De voorzitter heeft overwogen dat het oordeel voorlopig is en niet bindend in de bodemprocedure. Het bestemmingsplan voorziet in de bouw van maximaal 86 woningen en een kerkgebouw. De raad heeft aangegeven dat de gronden binnen het plangebied grotendeels eigendom zijn van de gemeente, met uitzondering van enkele gronden die in bezit zijn van de Hersteld Hervormde Gemeente. De gemeente heeft geen bouw- of aanlegwerkzaamheden gepland, maar heeft afspraken gemaakt met een ontwikkelaar over de ontwikkeling van het plangebied.

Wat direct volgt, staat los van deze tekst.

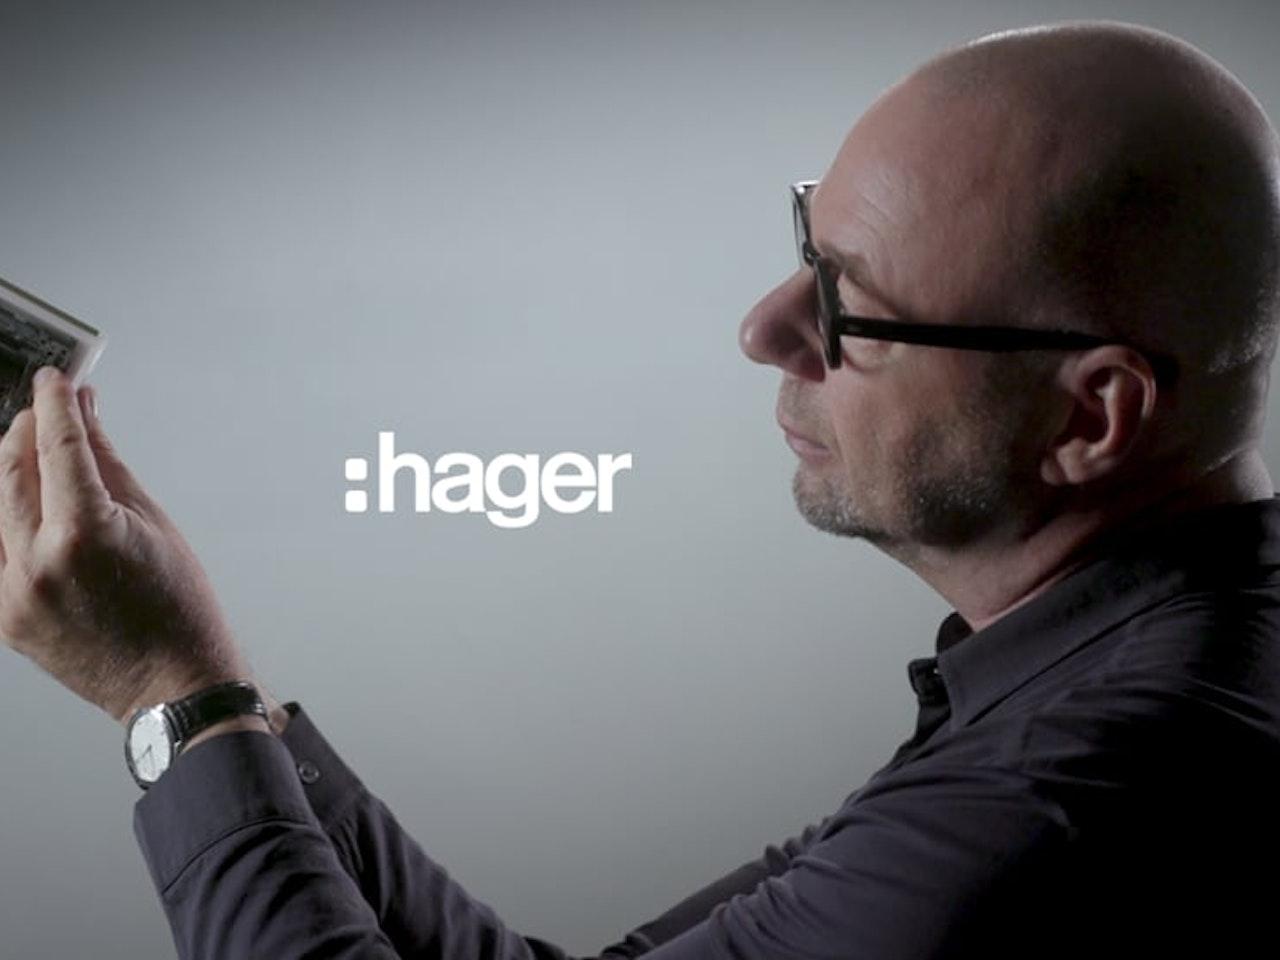 gallery, le design signé Hager
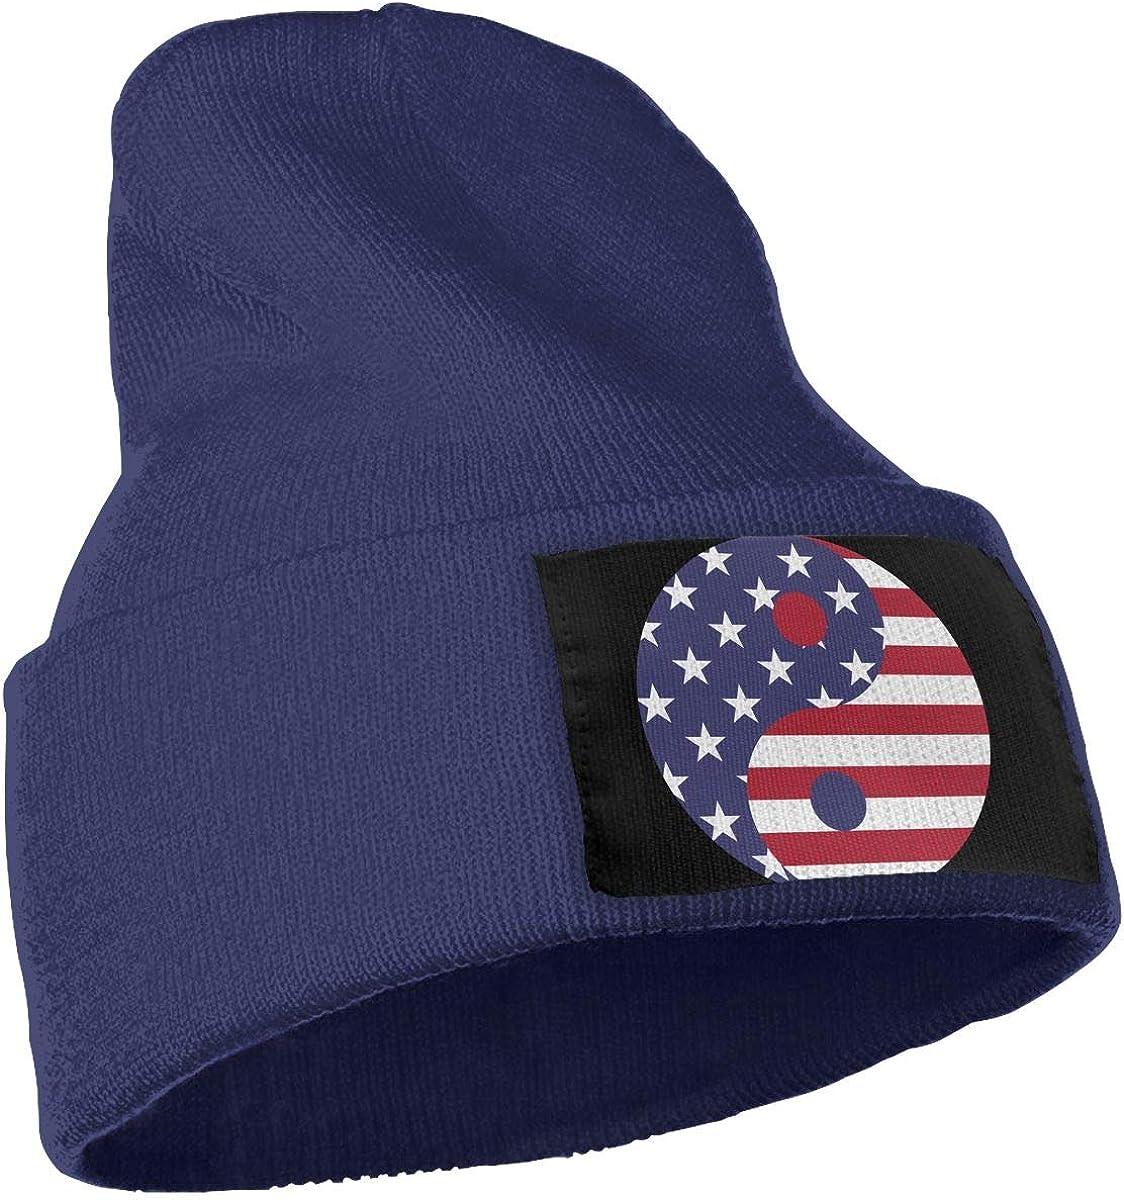 American Flag Yin Yang Unisex Fashion Knitted Hat Luxury Hip-Hop Cap

De Hersteld Hervormde Gemeente en de ontwikkelaar hebben laten weten dat zij tot 1 december 2014 geen omgevingsvergunningen zullen aanvragen totdat de Afdeling uitspraak heeft gedaan op de beroepen tegen het bestemmingsplan. Hierdoor ontbreekt het spoedeisend belang voor het treffen van een voorlopige voorziening. De voorzitter heeft daarom het verzoek om een voorlopige voorziening afgewezen en er is geen aanleiding voor een proceskostenveroordeling.
De beslissing is op 15 juli 2014 openbaar uitgesproken door de voorzitter, mr. J.A. Hagen, in tegenwoordigheid van mr. A. Bijleveld, ambtenaar van staat.